To determine the expected long-term rate of return on pension plan assets, Sony considers the current and
expected asset allocations, as well as historical and expected long-term rates of return on various categories of
pension plan assets. Sony’s pension investment policy recognizes the expected growth and the variability risk
associated with the long-term nature of pension liabilities, the returns and risks of diversification across asset
classes, and the correlation among assets. The asset allocations are designed to maximize returns consistent with
levels of liquidity and investment risk that are considered prudent and reasonable. While the pension investment
policy gives appropriate consideration to recent market performance and historical returns, the investment
assumptions utilized by Sony are designed to achieve a long-term return consistent with the long-term nature of
the corresponding pension liabilities. For Japanese pension plans, the expected long-term rate of return on
pension plan assets was 3.0 percent as of March 31, 2015 and 2016. The actual return on pension plan assets for
the fiscal years ended March 31, 2015 and 2016 was an 11.4 percent gain and an 1.3 percent loss, respectively.
The difference between the expected and the actual rate of return on pension plan assets was primarily due to the
negative performance especially in the global equity markets throughout the fiscal year ended March 31, 2016
and the depreciation of foreign currency-denominated assets reflecting the increase in the strength of the yen.

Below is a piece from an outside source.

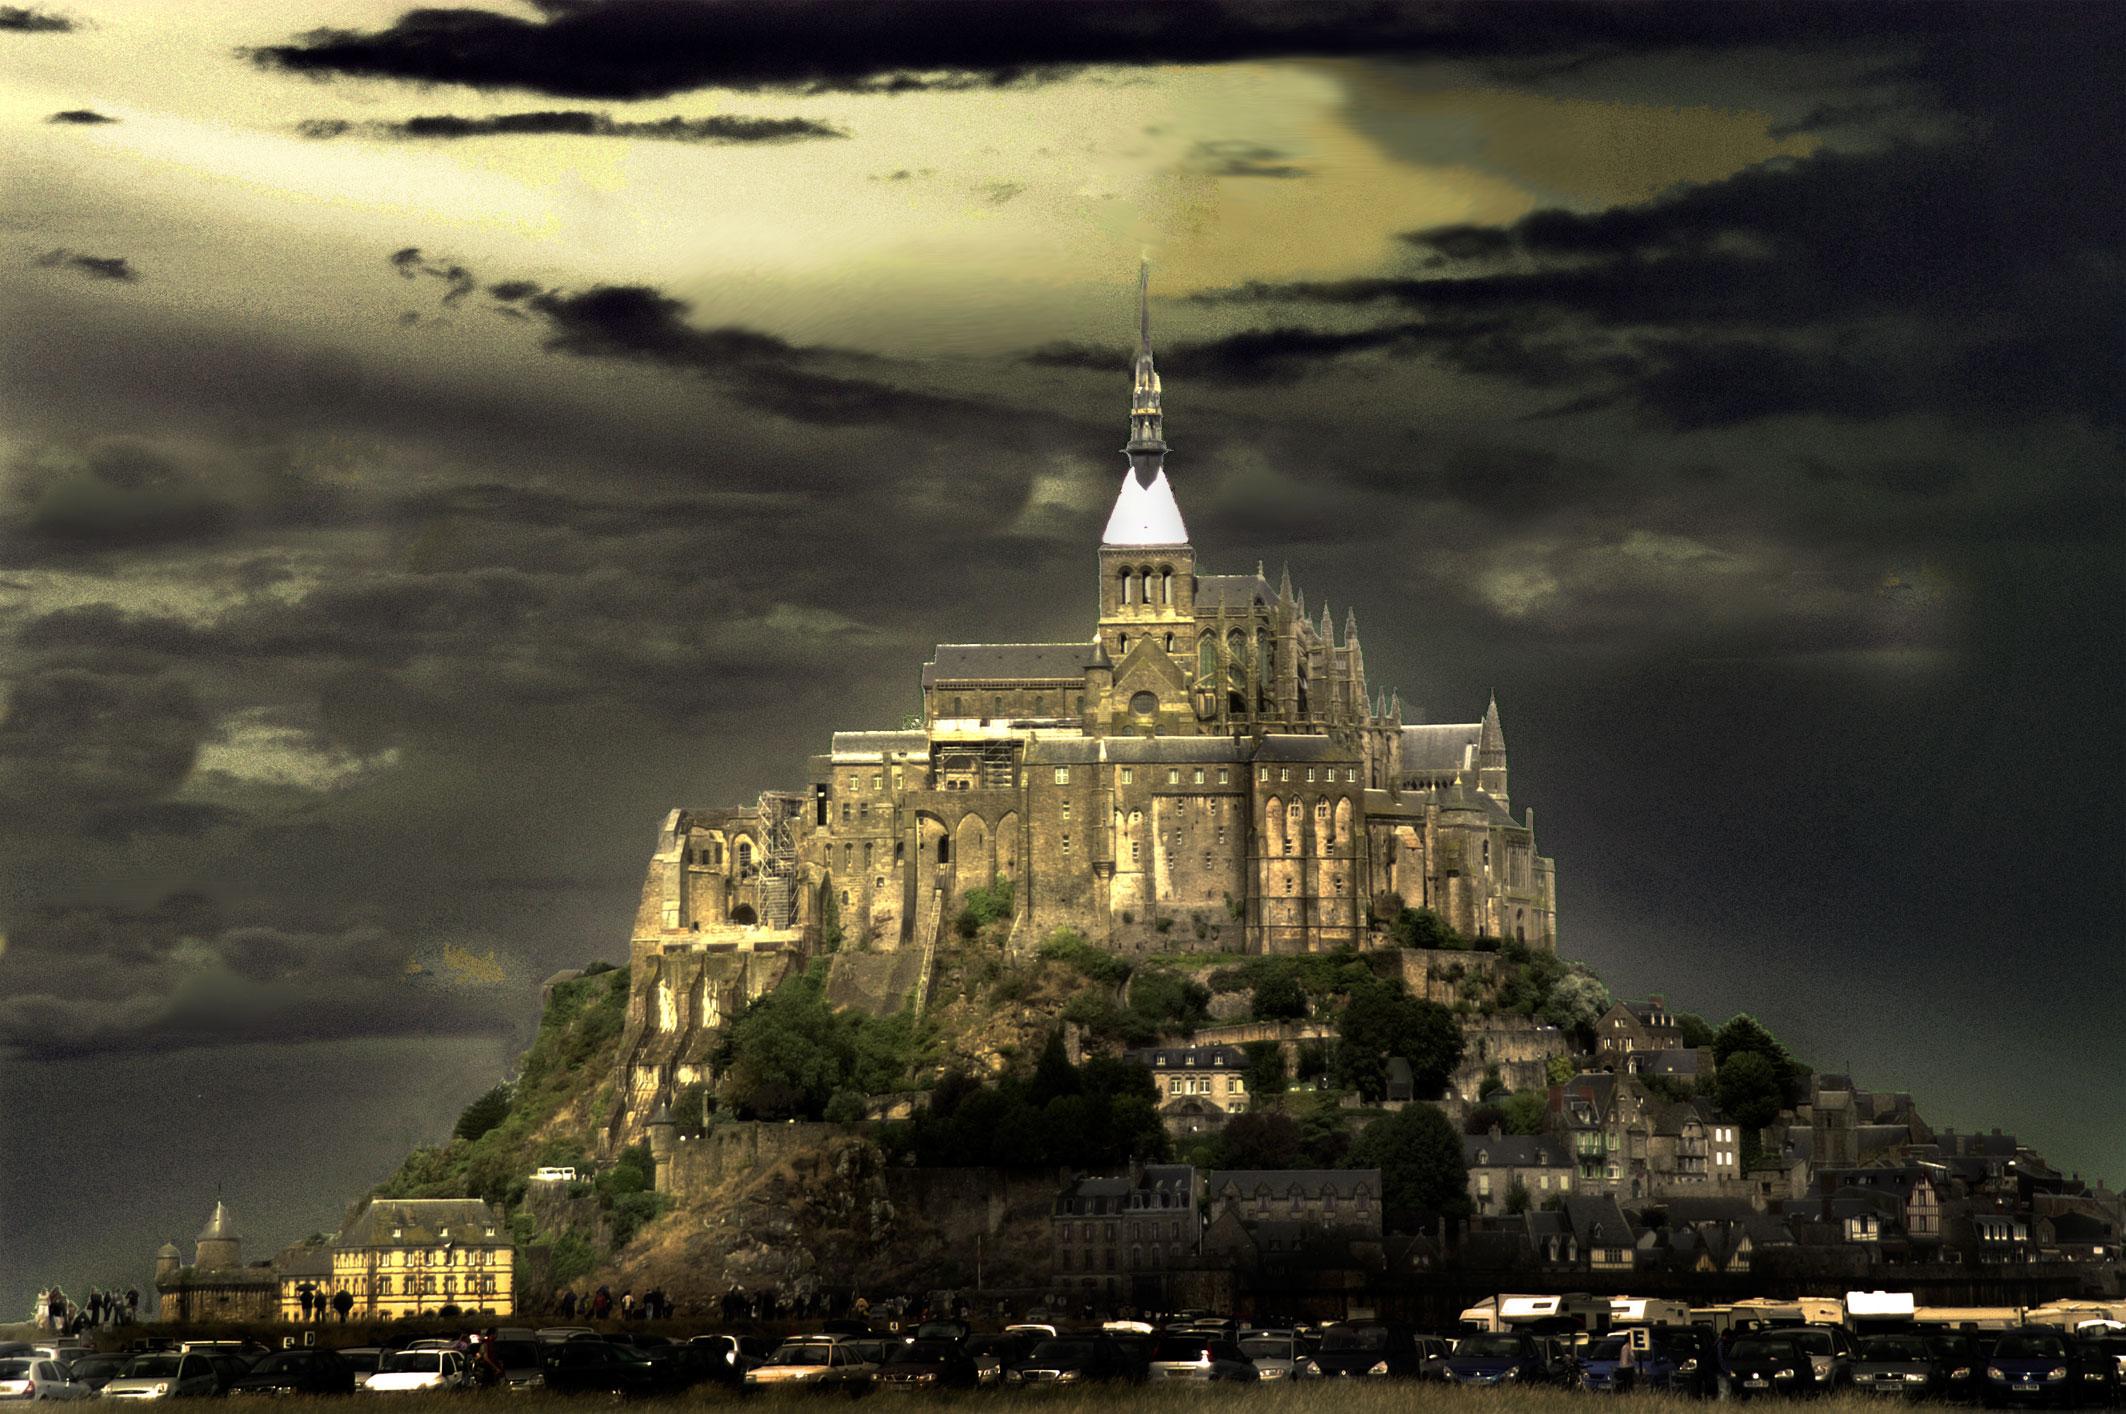 Mont Saint-Michel at night.
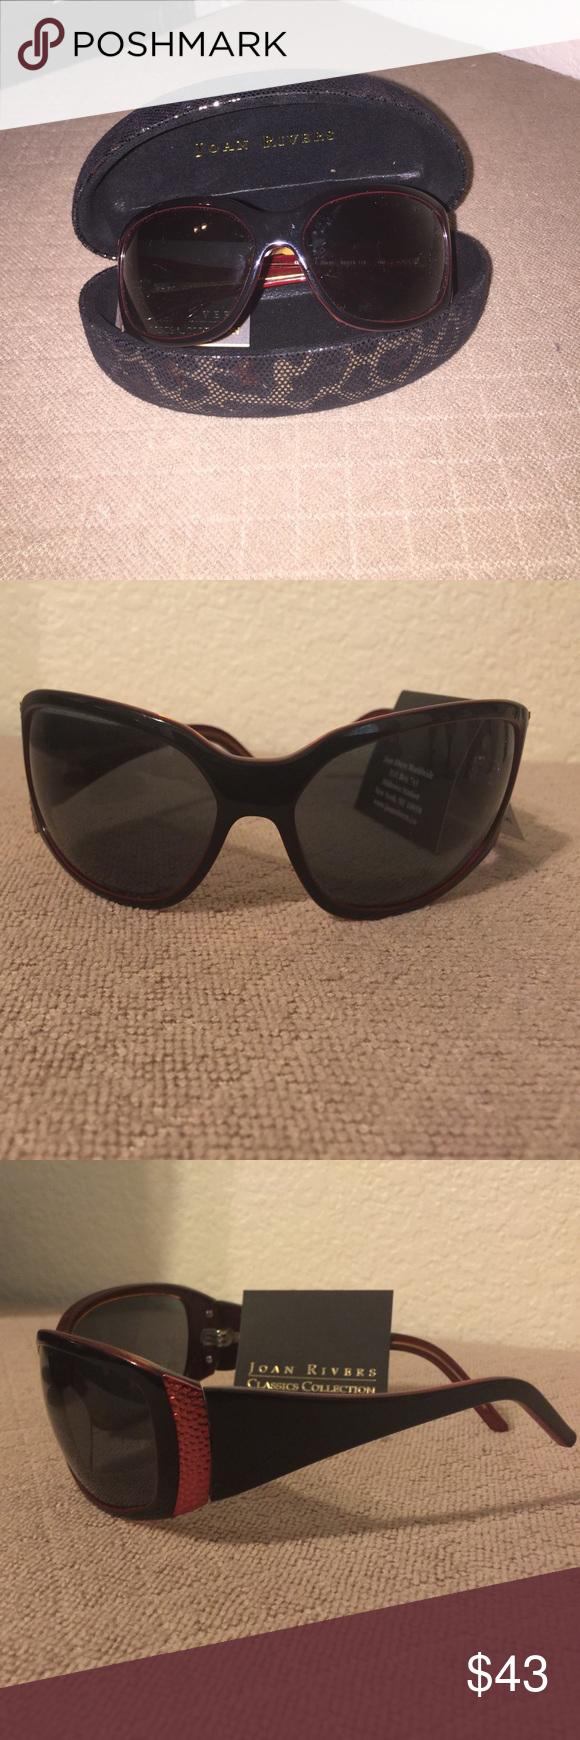 89030ed74425f Joan Rivers Classic Collection Sunglasses Joan Rivers Classic Collection  Sunglasses - Gorgeous and elegant sunglasses Joan Rivers Accessories  Sunglasses

Actual results that differ from the expected return on pension plan assets are accumulated and amortized as a
component of pension costs over the average future service period, thereby reducing the year-to-year volatility in
pension costs. As of March 31, 2015 and 2016, Sony had, with respect to Japanese pension plans, net actuarial
losses of 218.5 billion yen and 389.3 billion yen, respectively, including losses related to pension plan assets. For
the fiscal year ended March 31, 2016, the net actuarial loss increased due to the decline in the discount rate used
to determine the defined benefit obligation, as compared to the prior fiscal year’s rate, and the lower actual return
on pension plan assets than expected.
The following table illustrates the effect on the fiscal year ending March 31, 2017 of changes in the discount
rate and the expected return on pension plan assets, while holding all other assumptions as of March 31, 2016
constant, for Japanese pension plans.
Change in assumption
Projected benefit
obligations
Pension
costs Net income
(Yen in billions)
25 basis point increase / decrease in discount rate -/+41.5 -/+1.9 +/-1.3
25 basis point increase / decrease in expected long-term rate of return on
pension plan assets -/+1.7 +/-1.1
Deferred tax asset valuation
Carrying amounts of deferred tax assets require a reduction by a valuation allowance if, based on the
available evidence, it is more likely than not that such assets will not be realized prior to expiration. Accordingly,
the need to establish a valuation allowance for deferred tax assets is assessed periodically with appropriate
consideration given to all positive and negative evidence related to the realization of the deferred tax assets.
Management’s judgments related to this assessment consider, among other matters, the nature, frequency and
severity of current and cumulative losses on an individual tax jurisdiction basis, forecasts of future profitability
after consideration of uncertain tax positions, excess of appreciated asset value over the tax basis of net assets,
the duration of statutory carryforward periods, the past utilization of net operating loss carryforwards prior to
expiration, as well as prudent and feasible tax planning strategies which would be employed by Sony to prevent
net operating loss and tax credit carryforwards from expiring unutilized.